Assignment: Taking the line with "Terrine campagne au chaource - Produit - fr" as the first and the line with "Boys Hype Disney black spliced T-shirt" as the last, set down the lines below exactly, pictures excluded.

Exercise materials:
^^^^^^^^
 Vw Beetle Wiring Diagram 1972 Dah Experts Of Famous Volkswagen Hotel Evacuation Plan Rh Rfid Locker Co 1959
^^^^^^^^
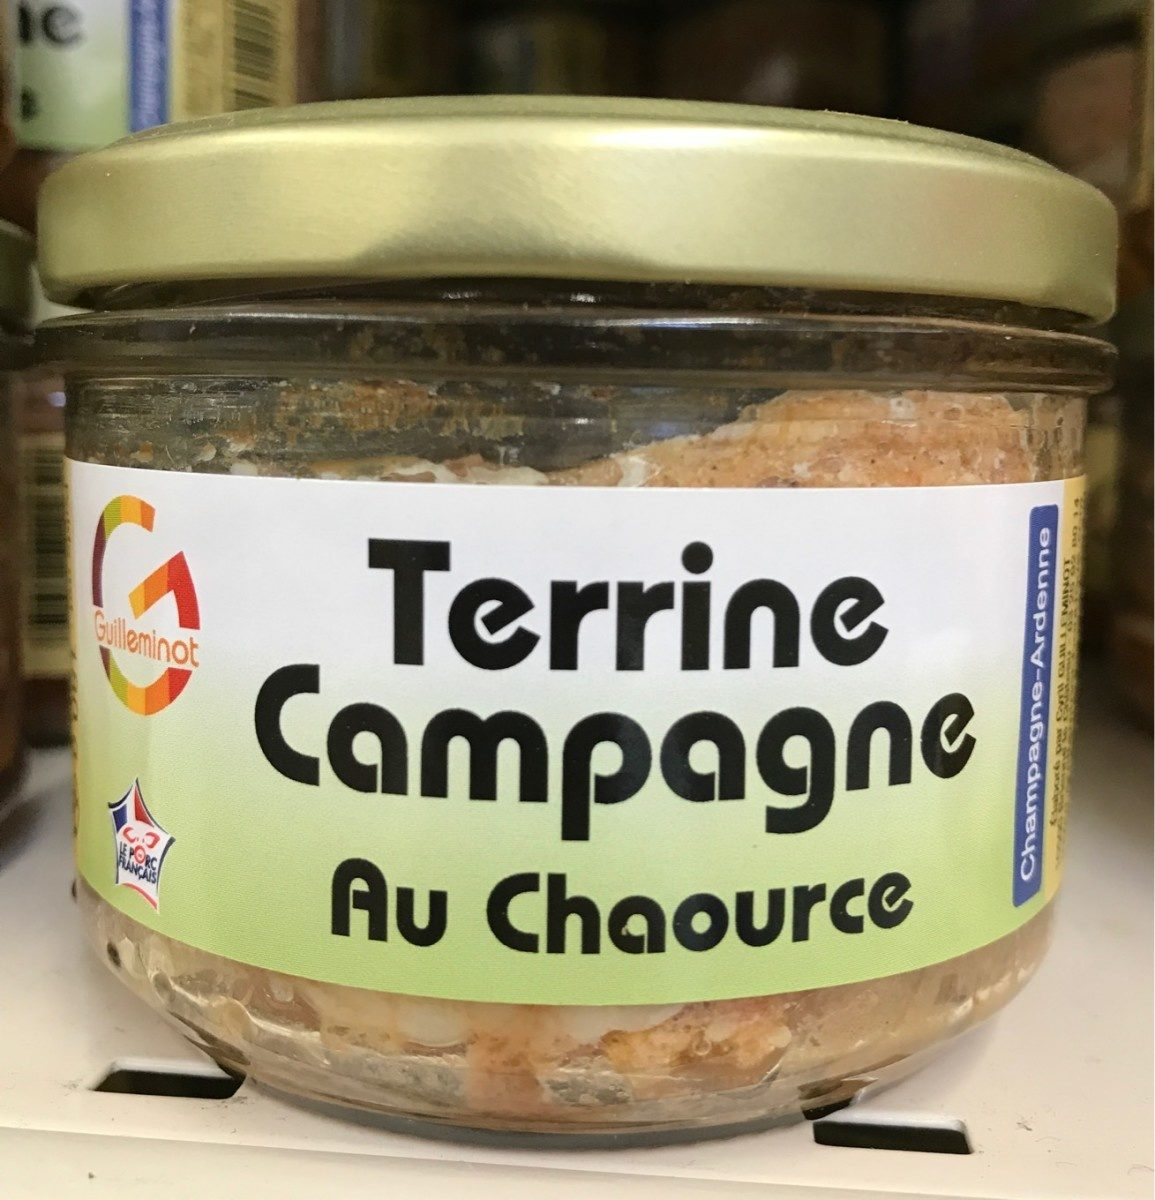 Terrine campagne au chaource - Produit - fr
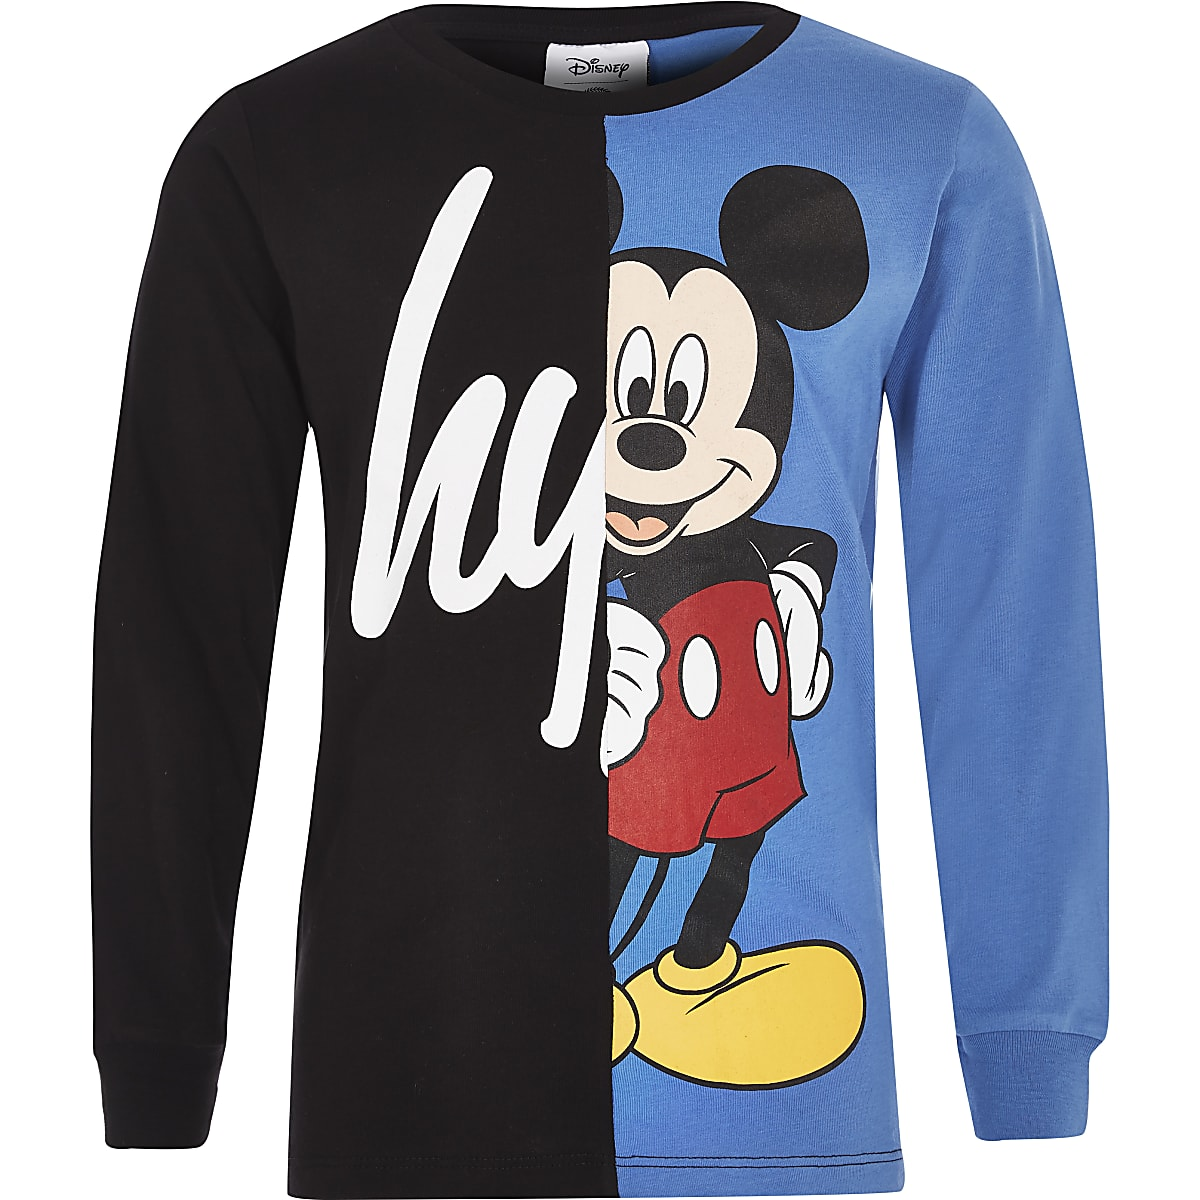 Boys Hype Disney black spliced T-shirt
^^^^^^^^
Result of the task:
 Terrine campagne au chaource - Produit - fr
 Boys Hype Disney black spliced T-shirt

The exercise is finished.